The implications are critical for scientists using satellite observations of fluorescence—the so-called solar-induced fluorescence (SIF)—to monitor Amazon forest health. While SIF is often used as a proxy for photosynthesis, this study shows that photosynthesis and fluorescence do not always go up and down together. Under high light and stress, this relationship breaks down and leaves may fluoresce more even as their photosynthetic machinery declines, potentially leading to overestimates of ecosystem productivity during droughts.

By mapping how fluorescence and photosynthesis vary across canopy strata, seasons, and species, the research provides new insight into the emergent SIF signal measured from space. This knowledge will improve models linking SIF to carbon uptake, helping researchers better monitor when and where Amazon forests become vulnerable to climate extremes.

Another very unique aspect of this study is that it measured how solar energy flows through leaves across a wide range of canopy heights and exposure conditions—something that had never been done at this scale in the Amazon before.

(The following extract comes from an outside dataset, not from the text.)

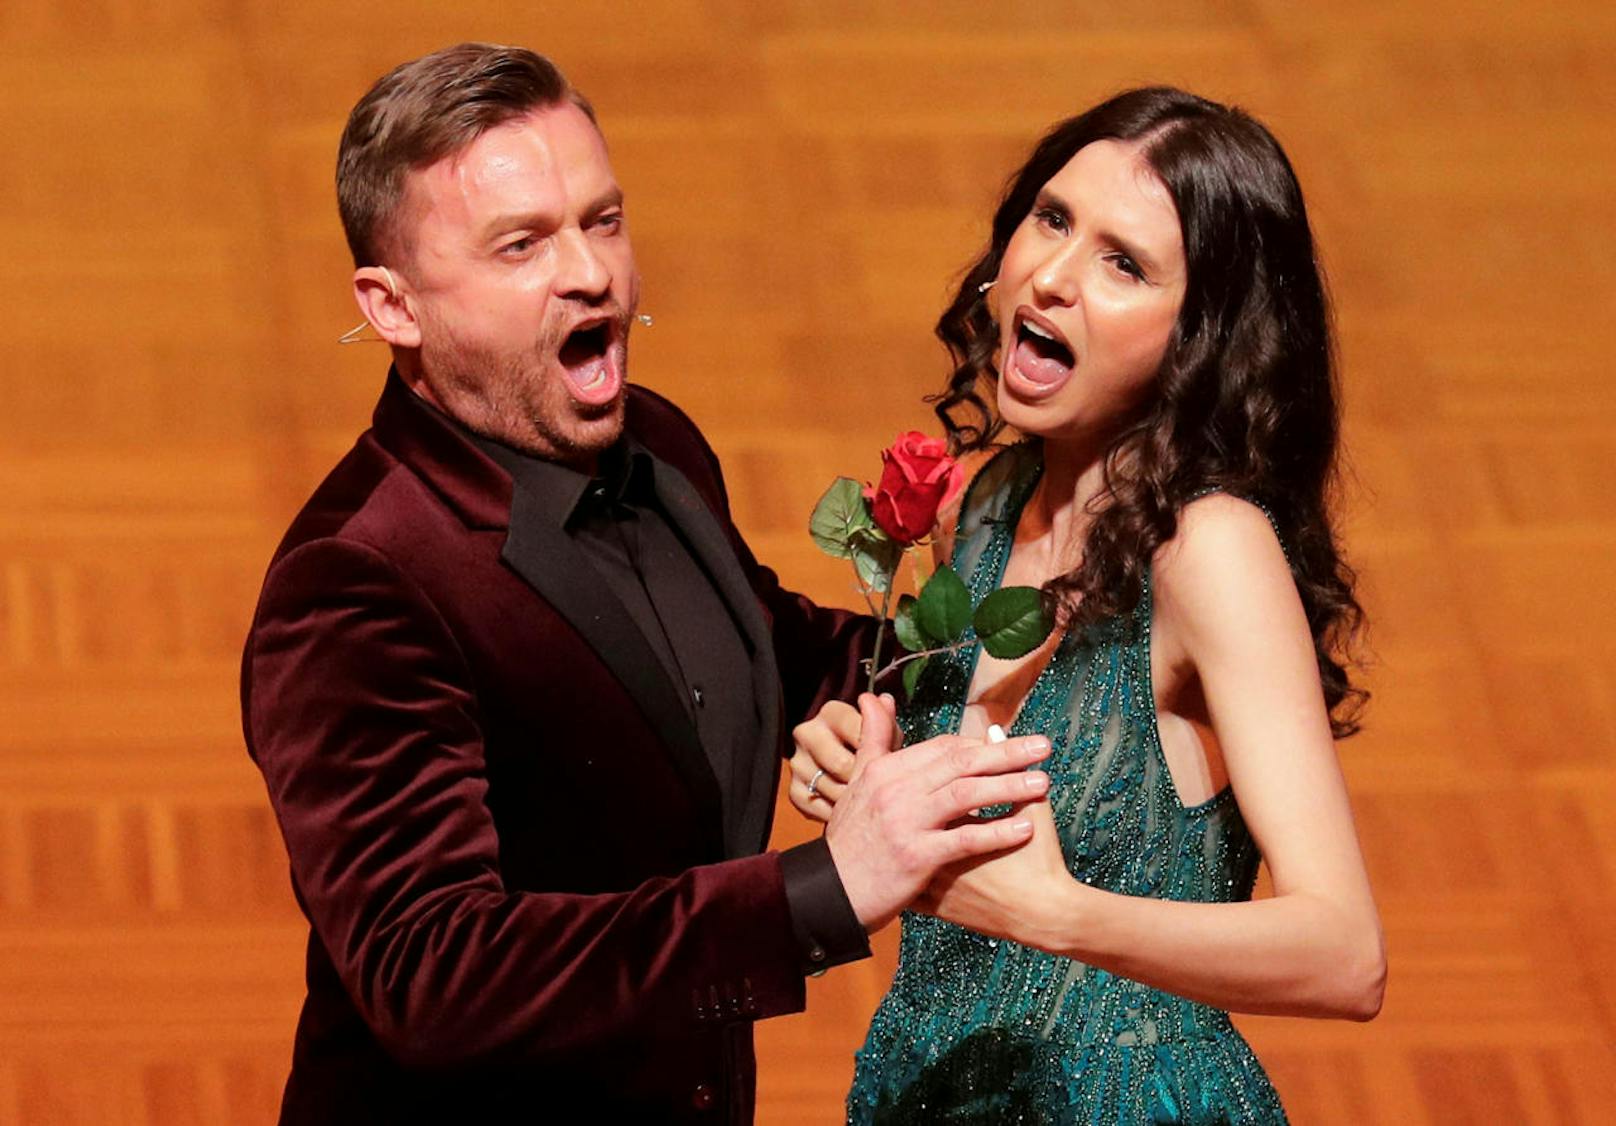  Der slowakische Tenor Pawol Breslik und die moldawische Sopranistin Valentina Nafornita sangen ein Duett aus Lehars "Die lustige Witwe"

Tropical forest canopies differ across regions and environments in how open vs closed, in how tall vs short the biggest trees are, and in other structural aspects that are increasingly being linked to forest health and climate cooling function. Also this structure can change because of stress if, for example, more trees die from droughts opening up more heterogeneous conditions in the canopy. This type of understanding is important for the most current generation of global vegetation models that look at how forests impact the atmosphere.

This research also had to adapt to surmount the challenges of the COVID-19 pandemic, which limited travel and work in the field for an extended time in its early phase. In this environment, the simple-to-use hand held solution offered by the MultispeQ became an even more advantageous tool for investigating canopy photon absorption and photosynthesis, allowing a small nimble team to safely and rapidly begin to collect data as soon as field sites re-opened. Ultimately, the researchers invested in sampling more environments, trees, seasons and forests with the MultispeQ than initial plans. Today the result of this is that the broad swath of data collected over the natural variety in the tropical rainforest canopy is one of the study's most unique assets.